Second, there is the problem of justifying the official documents invoked as the bases for the Antarctic claims. Bilateral treaties from half a millennium ago that were contestable from the moment they were signed, the transfer of territory where it is not clear that the latter belonged to the transferor in the first place, and the geographical doctrine of continuity (tailor-made to justify claims at the height of the imperialist era) do not seem particularly defensible. This seems especially so from today's perspective, when there are no lands yet to be discovered, and when the number of parties interested in sharing our world's limited resources has increased manyfold.

Third, the fittingness of the geographical doctrine of contiguity and the sector principle to the Antarctic case is doubtful. The claimants themselves must provide some further support to the affirmation that lands separated by at least a thousand kilometers can be called “contiguous.” The same goes for the loose application of the sector principle by projecting their Antarctic territories from their minuscule overseas territories.

If one agrees with the analysis presented above, most (if not all) of the Antarctic continent should be sovereign-less. But this is not to say that it should devolve into terra nullius, starting a new era of Antarctic conquest. Rather, instead of thinking about which states should hold full sovereign rights and where, a much more plausible approach is to ask what they (and maybe also other entities) have been doing, are doing, and should do there, and what rights they have acquired, and should acquire, in return.Footnote 61 Here is where function-based theories of territorial rights could enter the picture. By performing important functions (such as regulating economic activities, carrying out search and rescue missions, maintaining airstrips and navigational aids, conducting inspections to ensure compliance with the Environmental Protocol, and so on), the AT member states could show that they have played a relevant role in Antarctica, using it “exclusively for peaceful purposes”—something that, as stated in the Preamble of the treaty, is “in the interest of all mankind.”Footnote 62 They could therefore be co-participants in an international governance regime whereby various rights and responsibilities are assigned according to such criteria as historical involvement and capacity, but also inclusiveness and fairness in the access to resources.Footnote 63

This takes me to a final point, which is the UN “Question of Antarctica” reloaded. As it stands, the Antarctic Treaty System may seem perfectly fine for those who are already members, and especially for Consultative Parties entitled to shape the rules around the last uninhabited continent. It is questionable, however, whether a self-appointed system where three-quarters of the world states are not members can be deemed fair.Footnote 64 If the original territorial claims were put to the side and a function-based approach were favored, two pending issues would be how to ensure greater fairness in representation and in the access to resources, by which I mean not only economic but also, and perhaps more importantly, scientific.

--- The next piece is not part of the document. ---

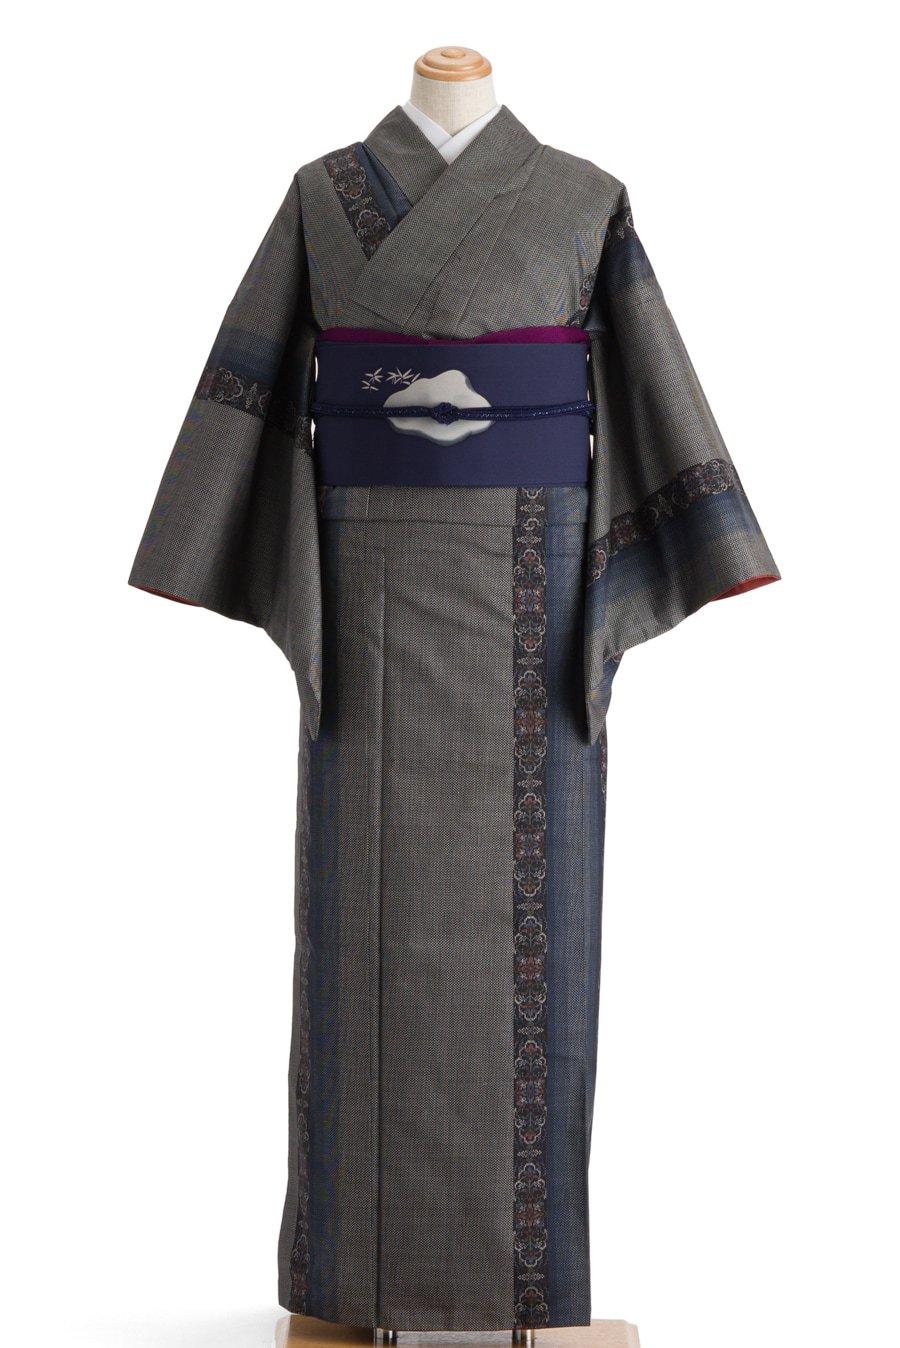 「大島紬 青い縞に唐花」の商品画像

Going forward, intellectual and political debate surrounding the territorial status of Antarctica must grapple with three interrelated elements: unbundling the various elements of territorial rights, integrating parties that have so far been left out of these discussions, and seeking ways to provide fairer access to the resources of the planet's most remote region. This has been a preliminary attempt to clear the ground in that direction.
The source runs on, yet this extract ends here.